После их восхищения самоубийством Ваше и Риго, которое они считали образцовым поступком. После провозглашения бессмысленного убийства («разрядить револьвер в толпу») самым доступным сюрреалистическим актом, они прибегают к желтой опасности. Глубокое противоречие между этими зверскими частными разрушениями и процессом начатого ими поэтического уничтожения они просто не замечают. Любое разрушение частного характера становится средством для достижения позитивной и более общей цели. Сюрреализм выбирает это средство и превращает его в абсолютную цель. Он отказывается от дальнейшего пути. Его вожделенное тотальное уничтожение никому не вредит именно потому, что оно тотально. Это абсолют, оказавшийся за рамками истории, поэтическая фикция. Причем, фикция, которая включает в ряд готовых для уничтожения цель, оправдывающую в глазах азиатов или революционеров насильственные методы, к которым им приходится прибегать.

Коммунистическая партия пока находится в негативной фазе. Ее травит буржуазная полиция, она не столь многочисленная как СФИО, не имеет реальной надежды на захват власти в ближайшем будущем, совсем молода и неуверенна в своей тактике. Ей еще нужно завоевать массы, уменьшить влияние социалистов, включить в себя элементы, которые ей удастся оторвать от этого отторгающего ее коллектива. Компартия имеет только одно интеллектуальное ее оружие – критику. Поэтому она готова увидеть в сюрреализме возможного, которого можно будет отбросить, когда от него не станет пользы. Потому что отрицание, квинтэссенция сюрреализма, для ФКП только этап. Она готова временно согласиться с автоматическим письмом, искусственными снами и объективным случаем только настолько, насколько они могут способствовать разложению буржуазии как класса.

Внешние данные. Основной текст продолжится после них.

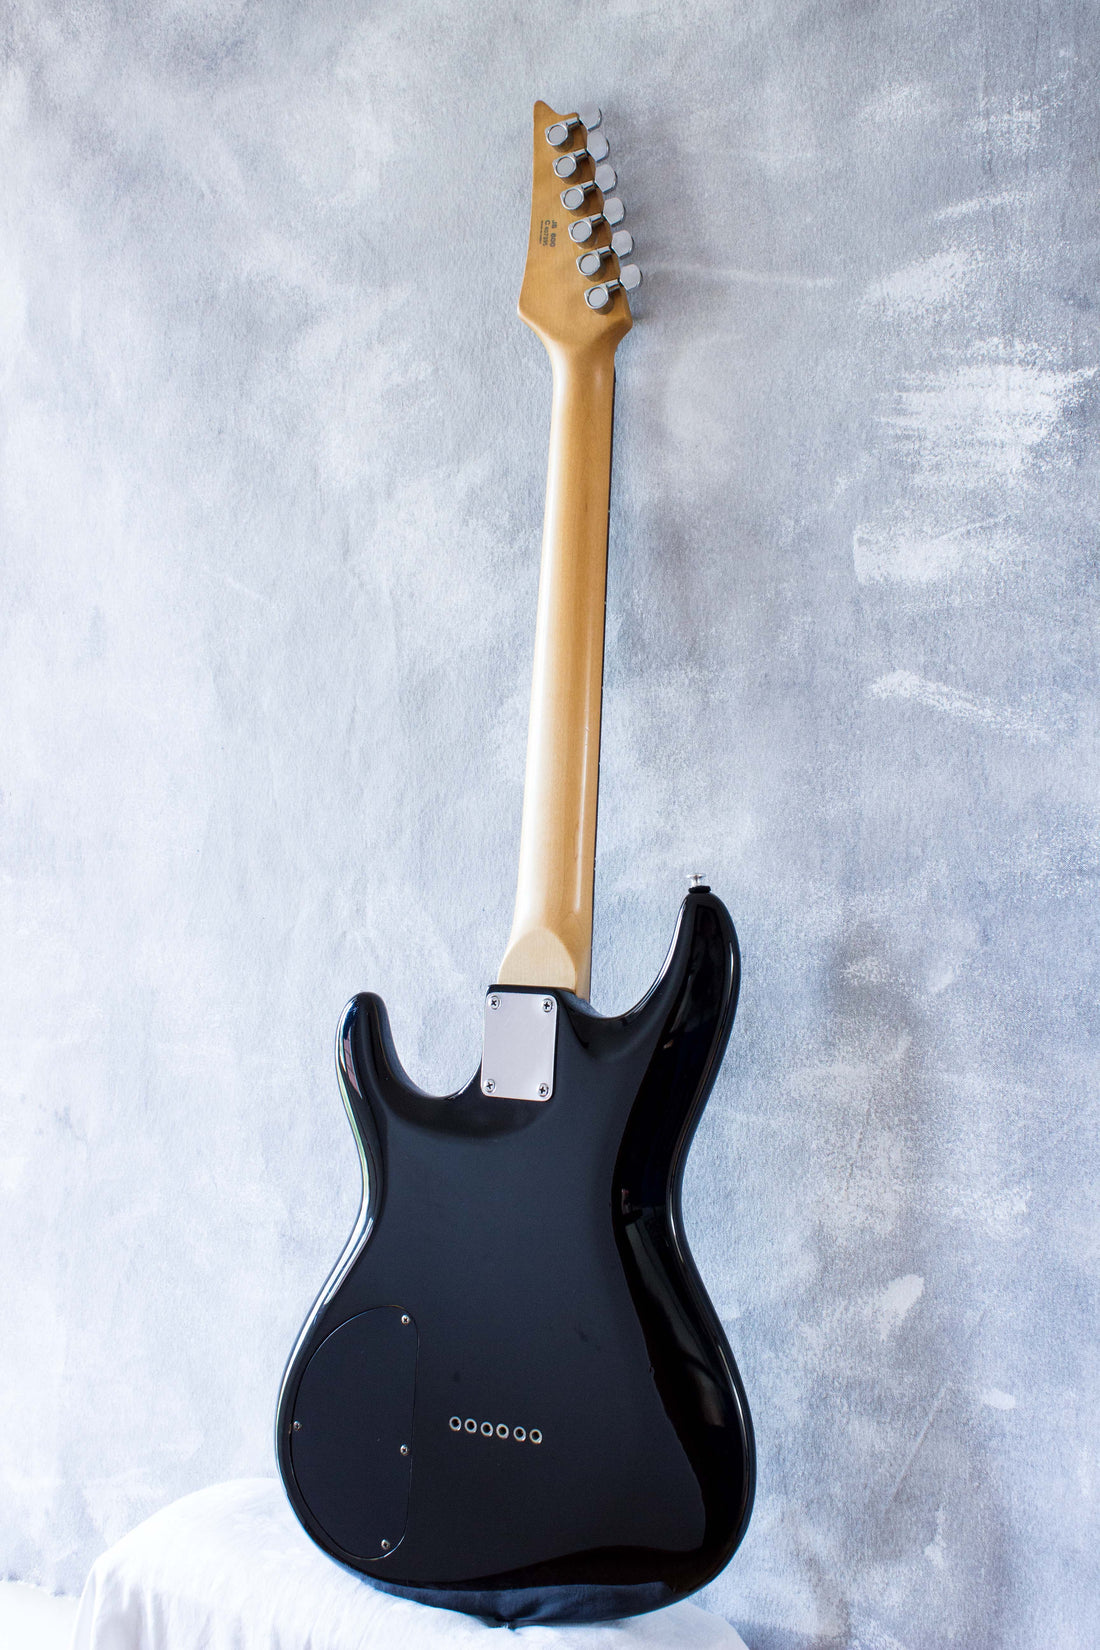 Ibanez JS600 Joe Satriani Model Black 1994

На первый взгляд кажется, что опять найдена общность интересов между интеллигенцией и угнетенными классами, которая создала преимущество писателей XVIII века. Но это обманчивое впечатление. Истинный источник этого недоразумения в том, что сюрреалиста очень мало беспокоит диктатура пролетариата. Он видит в Революции как в чистом насилии абсолютную цель. Коммунизм имеет целью захват власти и оправдывает этим будущее кровопролитие. Кроме того, связь сюрреализма с пролетариатом условна и абстрактна. Сила писателя в непосредственном воздействии на публику, в гневе, энтузиазме, мыслях, которые он будит своими произведениями. Дидро, Руссо, Вольтер были все время связаны с буржуазией именно потому, что она их читала. А у сюрреалистов нет читателей среди пролетариата. Они только внешне общаются с партией, вернее, с ее интеллигентной частью. Их читатель находится в другом месте, среди культурной буржуазии. ФКП это прекрасно понимает, она использует сюрреализм только для создания смуты в правящих кругах.

Мы видим, что революционные заявления сюрреалистов остаются чисто теоретическими, потому что ничего не меняют в их положении, не приводят к ним ни одного читателя-рабочего и не вызывают никакого отклика в рабочей среде. Они паразитируют на оскорбляемом ими классе. Их бунт по-прежнему на обочине революции.

Сам Бретон соглашается с этим и опять становится в независимую позу клирика. В письме Навилю он говорит: «в нашей среде нет такого человека, который не хочет перехода власти из рук буржуазии в Руки пролетариата. Но до тех пор, мы считаем, все важно, продолжать опыт внутренней жизни без любого внешнего контроля, даже марксистского… Эти две проблемы сильно отличаются друг от друга». Различие проявится, когда Советская Россия и, следовательно, французская коммунистическая партия придут к конструктивной фазе организации. Отрицающий, по своей сути, сюрреализм отвернется от них. Бретон тогда сойдется с троцкистами именно потому, троцкисты останутся в меньшинстве и будут еще преследоваться властями, и окажется на стадии критического отрицания. Троцкисты пользуются сюрреалистами для дезорганизации. Письмо Троцкого Бретону откровенно говорит об этом. Если бы IV Интернационал смог оказаться действенным, то это стало бы поводом для разрыва.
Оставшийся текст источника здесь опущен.